A Tale of Two Men - Intercollegiate Studies Institute

A Tale of Two Men

Our rights come from nature, the greatest of thinkers seem to say in unison. But what is our nature? Can it be boiled down to the individual struggling alone against the world, or do our rights correspond with other people and only come about when we enter relationships and build communities? The great philosophers are divided as to the answer.

On one side we have Rousseau, Locke, and Hobbes, who though differing on what the state of nature was like nevertheless all agreed that it is something different from what we are living in today. In Hobbes’s state of nature, man was brutish, and it was good for him to form society. In Locke’s state of nature, man was free, but it was necessary for him to form society. In Rousseau’s state of nature, man was noble, and it was degrading and corrupting for him to form society. Both Locke and Rousseau sowed the seeds of discontent: society, to which we all belong, is an encumbrance on man’s freedom. All relationships and obligations are suffocating and serve only to obscure the truly natural man.

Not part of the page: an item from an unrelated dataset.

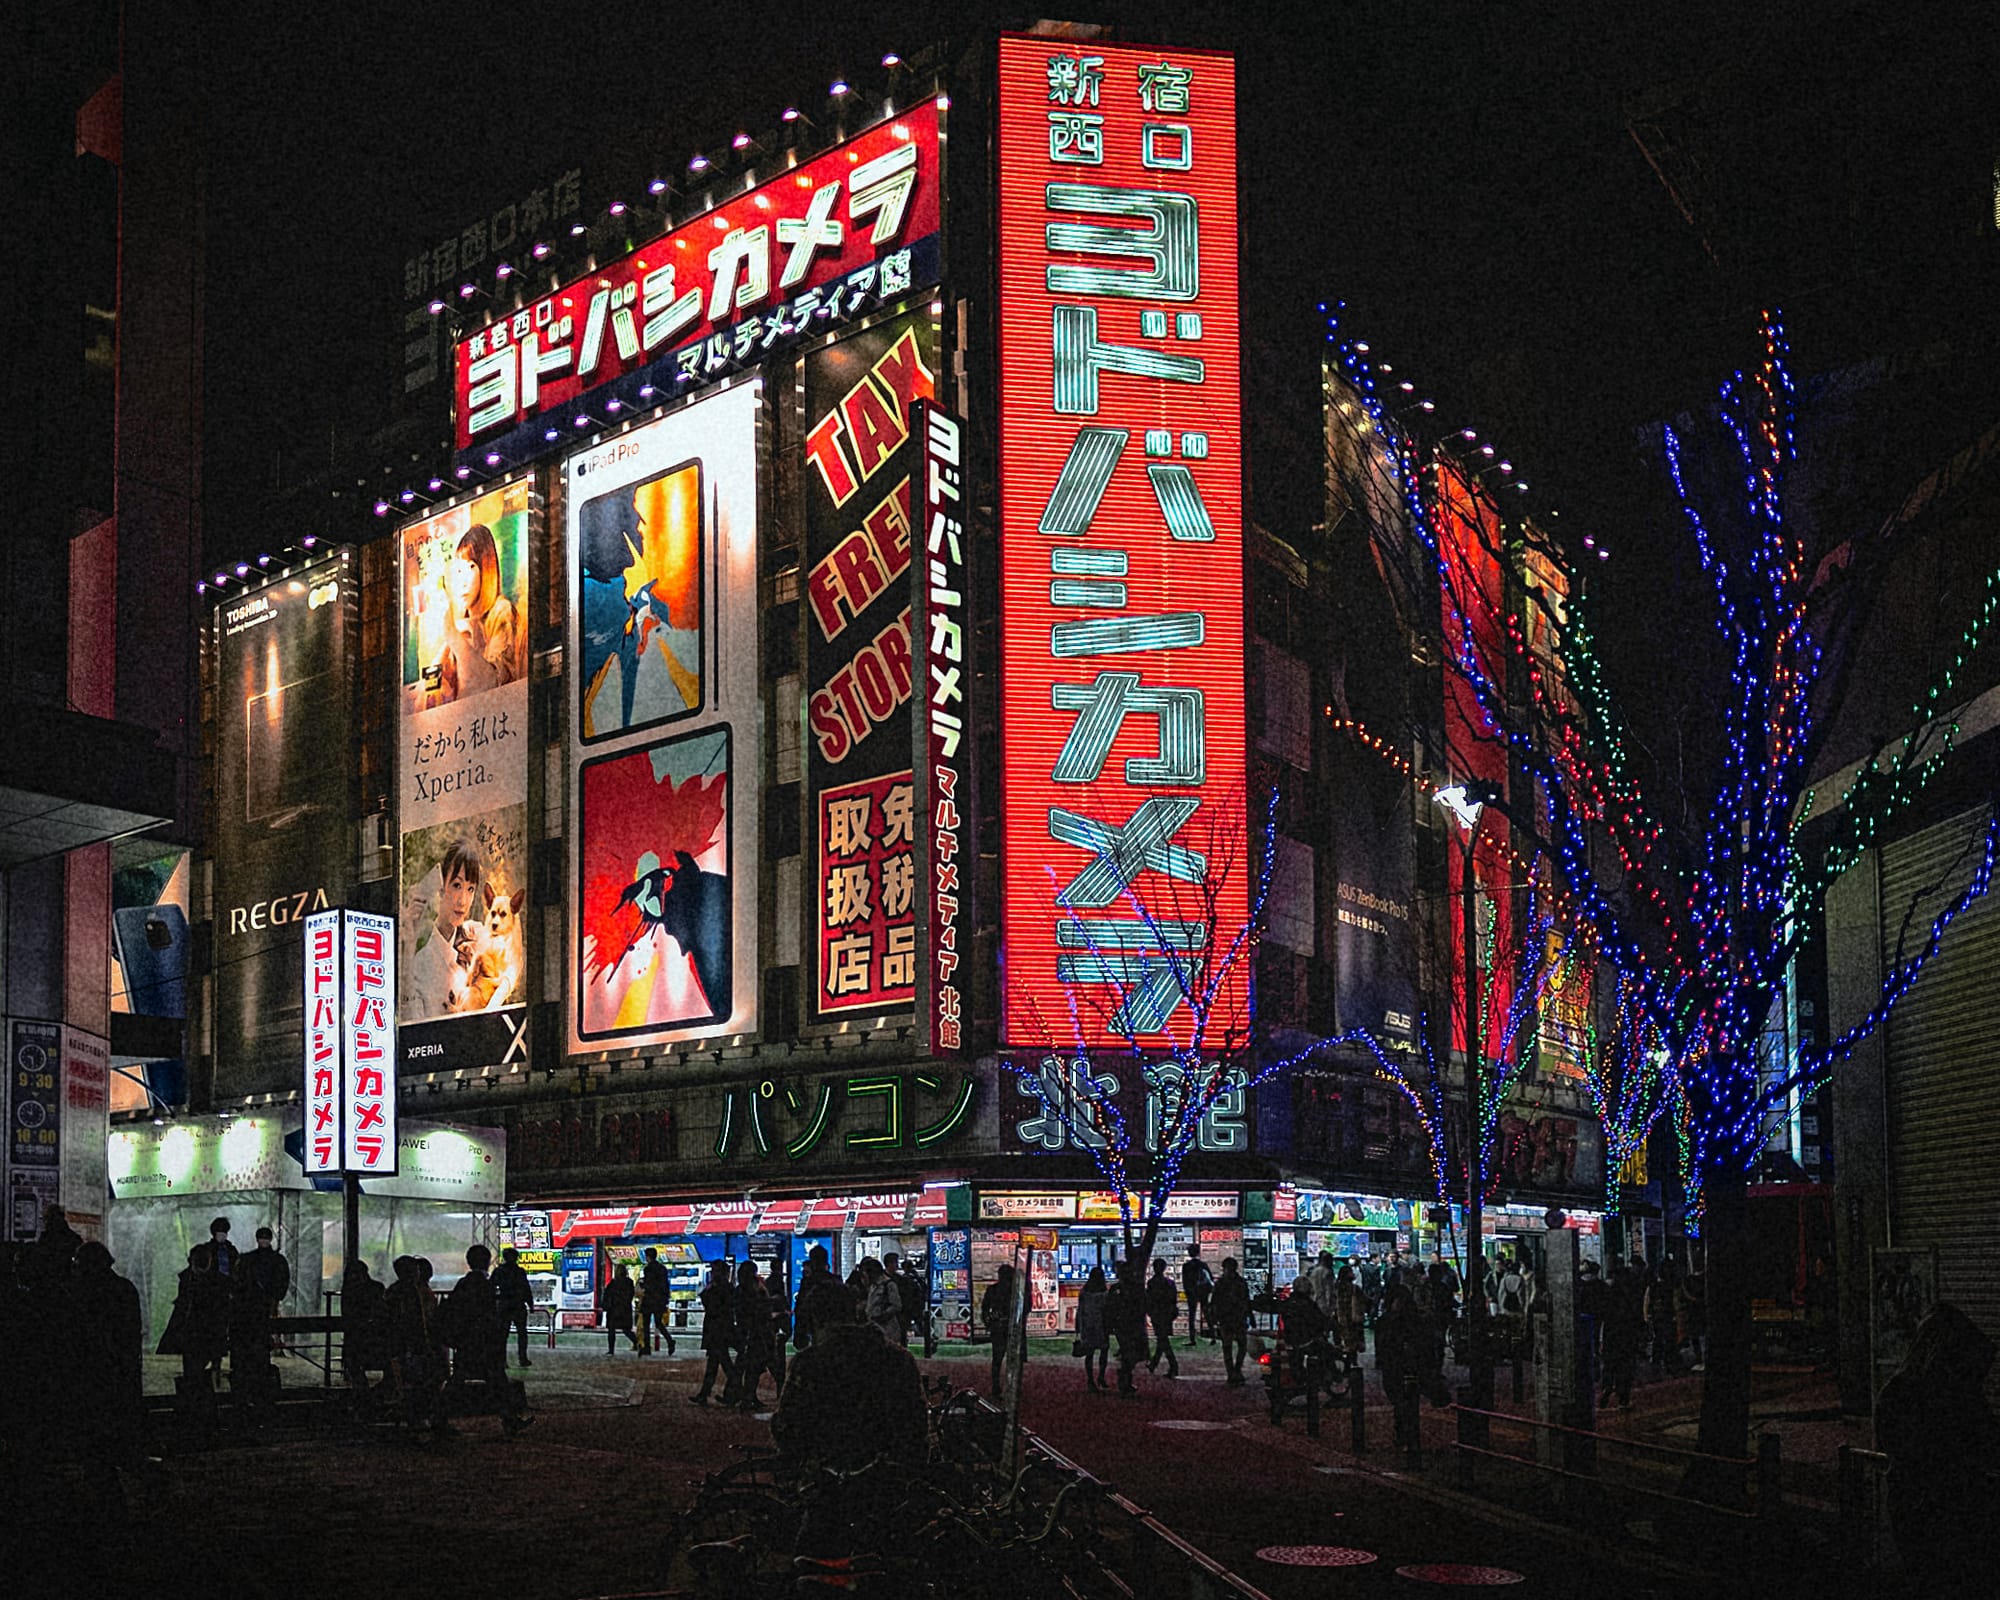 Tokyo lights at night. This is a large sign on the Yodobashi camera store in Shinjuku.

No wonder Voltaire, himself no lover of ties that bind, wrote to Rousseau about his “new book against the human race,” and that to read it “makes one long to go about all fours.”

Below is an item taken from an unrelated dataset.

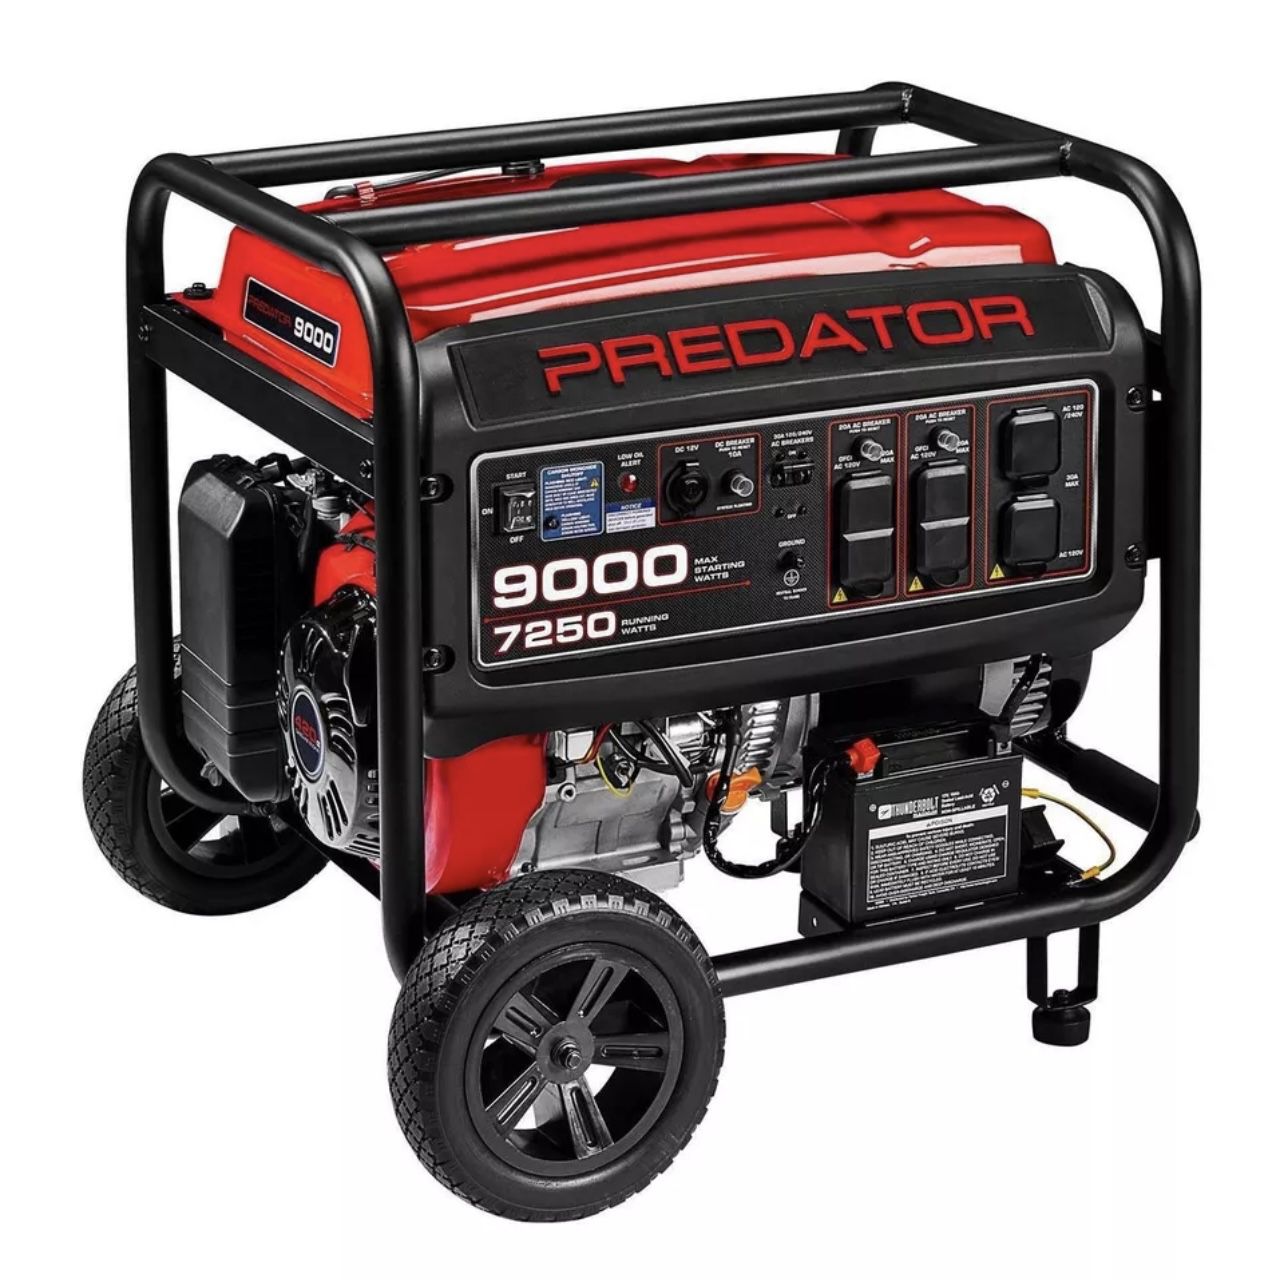 Brand New Predator 9000 Watt Gas Powered Portable Generator

Fortunately there is another answer about our nature, an answer that doesn’t deny the goodness of our relationships. Aristotle says that man is a political animal. He is at his most natural when he is in the city, living, loving, and contracting with others. The man outside of civilization who prefers acorns to people is not a man at all but an ignoble savage. He is not the natural man. The natural man falls in love, has children, forms friendships, works with others, and builds cities. As Cicero tells us, “We desire to make human life safer and richer by our thought and effort, and are goaded on to the fulfillment of this desire by nature herself.”

To understand our rights, we must understand our nature. Our real nature. It’s not about you or I the individual. It’s about the community and the relationships that make our lives worthwhile. Failing to understand this puts us in danger of coming to a false understanding of our relationships, our rights, and ourselves.

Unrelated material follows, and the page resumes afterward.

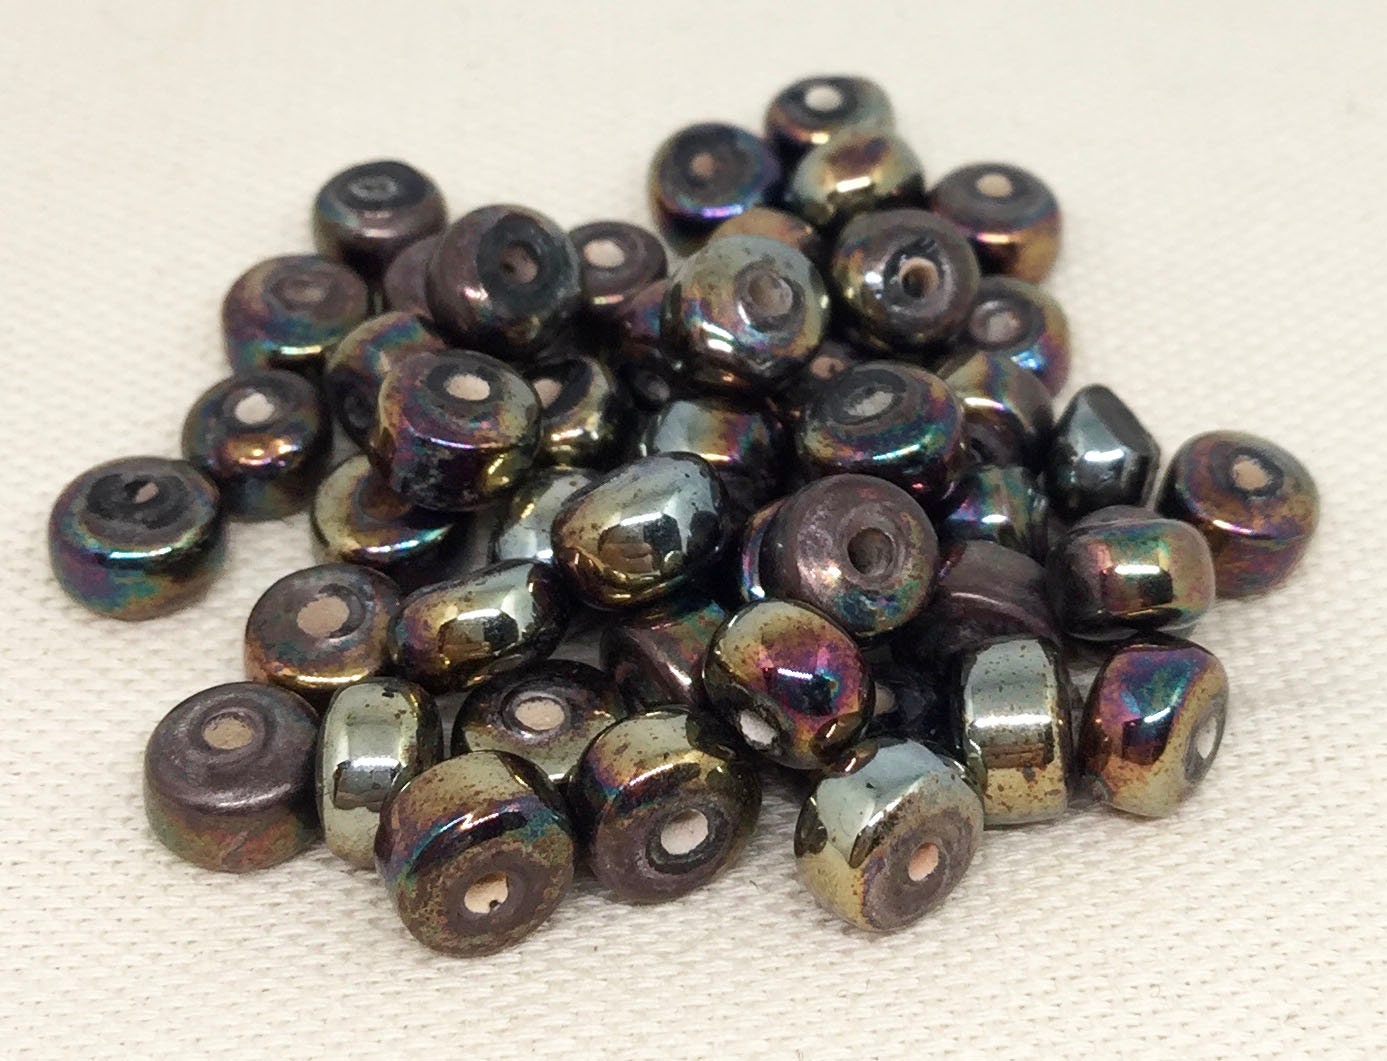  400 Black Matte Metallic Acrylic Large Hole Beads 10mm

Why do we live together? Is it out of necessity, as Locke says? Out of spite, as Rousseau says? Or because we love each other?

“When the Stranger says: ‘What is the meaning of this city?

Do you huddle close together because you love each other?’

What will you answer? ‘We all dwell together

To make money from each other’? or ‘This is a community’?

And the Stranger will depart and return to the desert.

O my soul, be prepared for the coming of the Stranger.”